This glossary defines key terms in Artificial Intelligence, Machine Learning, Data Science, and Software Engineering.
A
Activation Functions
Functions that enable neural networks to learn non-linear relationships between features and the label.
Popular activation functions include ReLU and Sigmoid.
For more details, refer to Google Developers ML Course and Keras Activations.
Adenocarcinoma
Adenocarcinoma is a type of cancer that starts in glandular (secretory) cells—the cells that produce and release fluids like mucus. It can occur in organs such as the lungs, colon, breast, prostate, or pancreas.
Example: The biopsy revealed that the tumor was an adenocarcinoma of the colon.
Anecdote
A short amusing or interesting story about a real incident or person.
Example: He told anecdotes about his job.
Antibodies
Antibodies are proteins produced by the immune system that recognize and attach to foreign substances like bacteria, viruses, or toxins to help destroy them. They are a vital part of your immune defense system.
Example: After getting vaccinated, your body produces antibodies to fight off the virus in the future.
Synonyms / Related Terms: • Immunoglobulins (technical term) • Disease-fighting proteins • Immune proteins
Architecture
The skeleton of the model — the definition of each layer and each operation that happens within the model.
Example: BERT is an architecture while bert-base-cased
, a set of weights trained by the Google team for the first release of BERT, is a checkpoint. However, one can say “the BERT model” and “the bert-base-cased
model.”
B
Bilateral ureteral obstruction
In patients with prostate cancer:
Bilateral ureteral obstruction in prostate cancer
means that both kidneys are at risk because urine cannot drain properly. It’s a serious complication that needs urgent management to prevent kidney failure.
Bilateral ureteral obstruction in patients with prostate cancer means that both ureters—the tubes that carry urine from the kidneys to the bladder—are blocked, usually because the cancer is compressing or invading them.

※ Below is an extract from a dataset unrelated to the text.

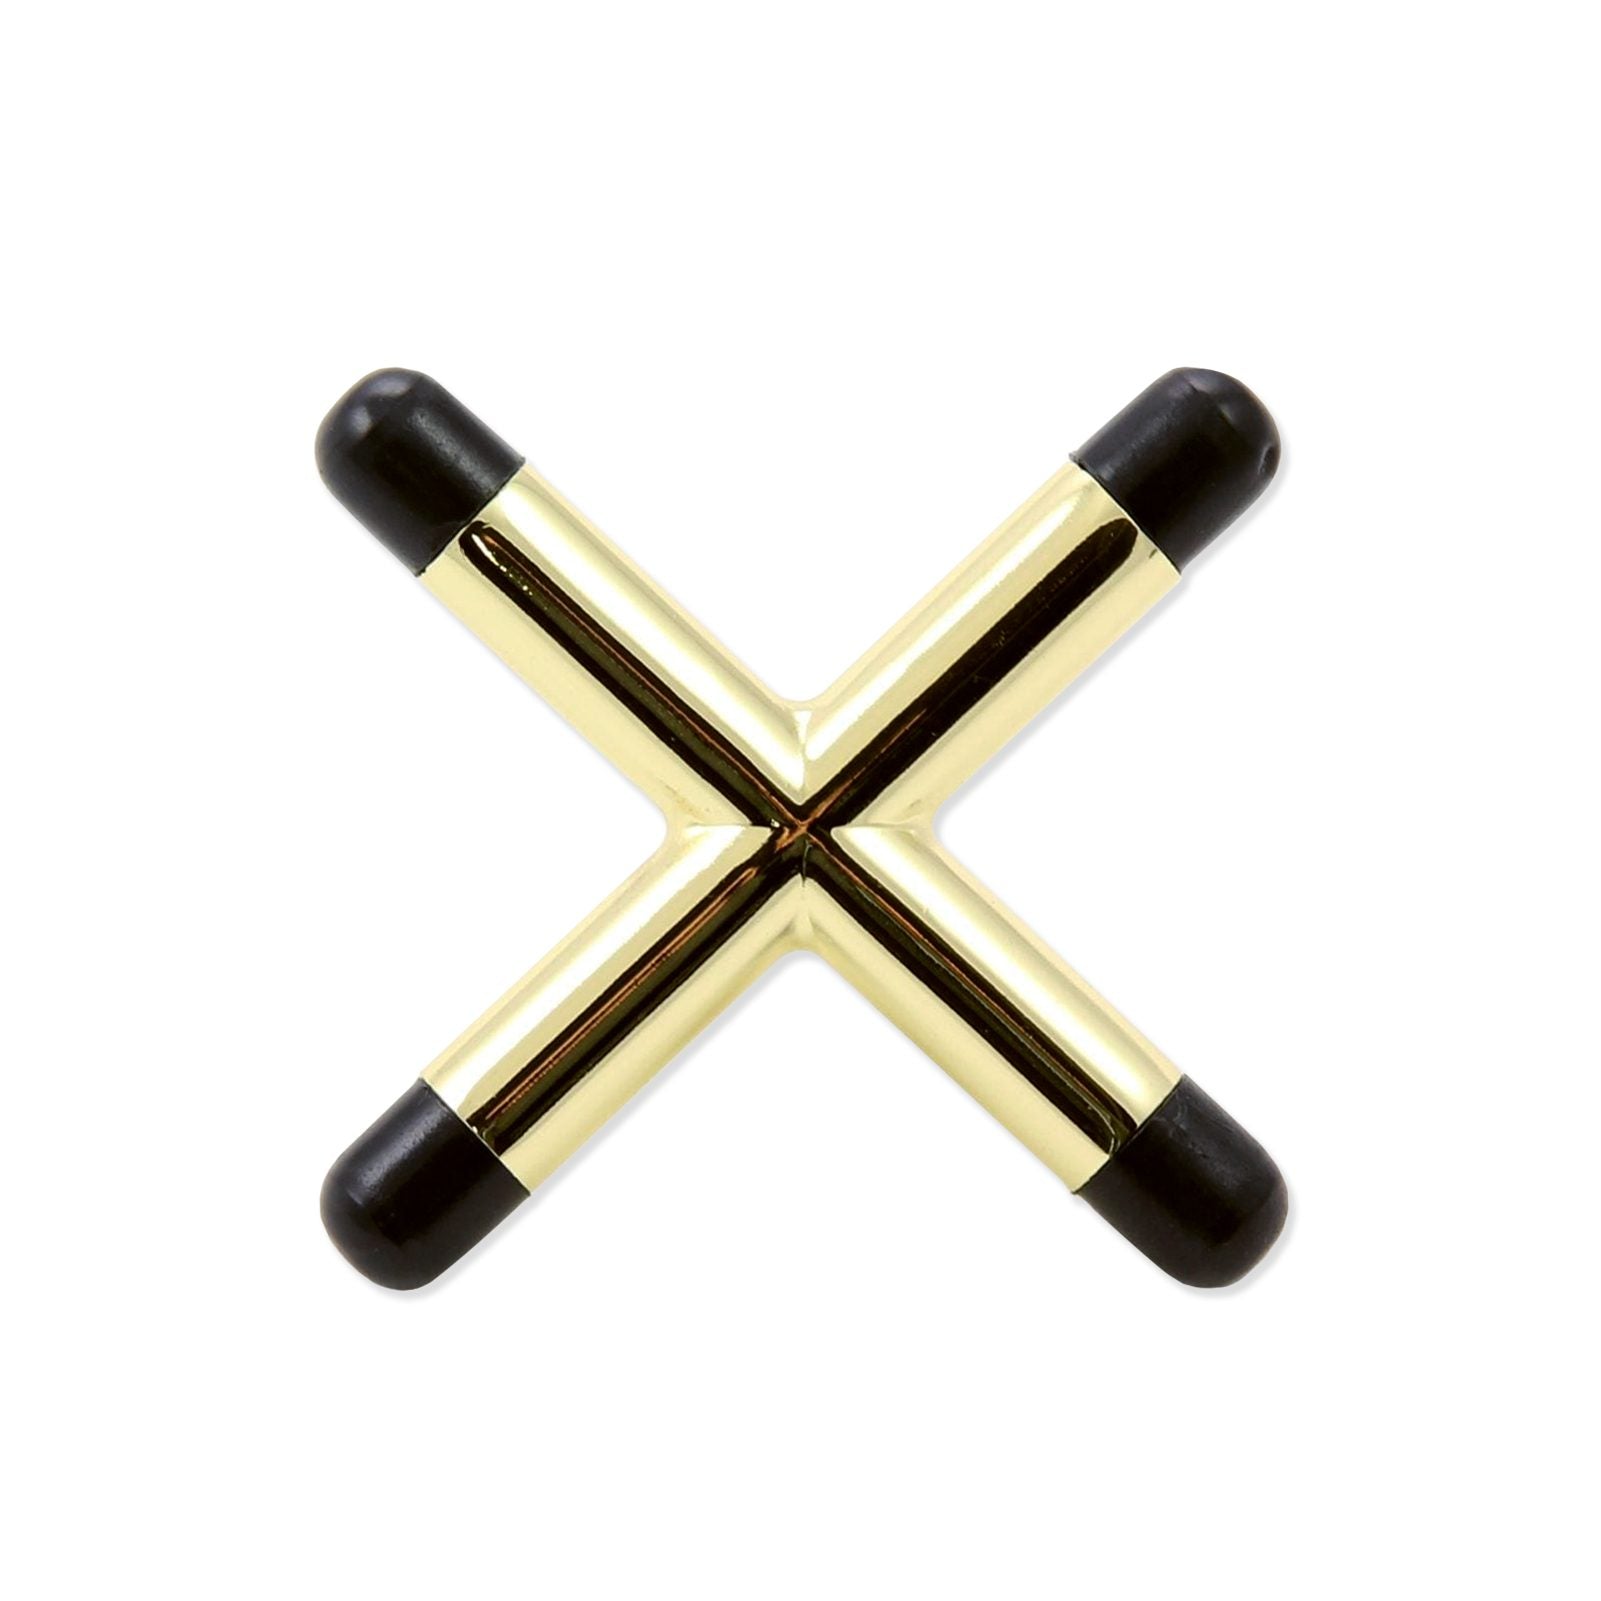 Brass CROSS Rest Head for Snooker or Pool with Plastic Toes

What causes this in prostate cancer? The prostate is located just below the bladder, and when prostate cancer: • Grows large • Invades nearby tissues • Or spreads to lymph nodes
…it can press against or invade the ureters, especially where they pass close to the prostate.
Why is this dangerous?
- Urine backs up into the kidneys, causing hydronephrosis (kidney swelling)
- Leads to kidney damage or failure if untreated
- Can cause fatigue, nausea, flank pain, and low urine output
Treatment options:
- Ureteral stents (small tubes inserted to keep ureters open)
- Nephrostomy tubes (drains urine directly from kidneys through the back)
- Treating the underlying cancer (e.g. hormone therapy, radiation)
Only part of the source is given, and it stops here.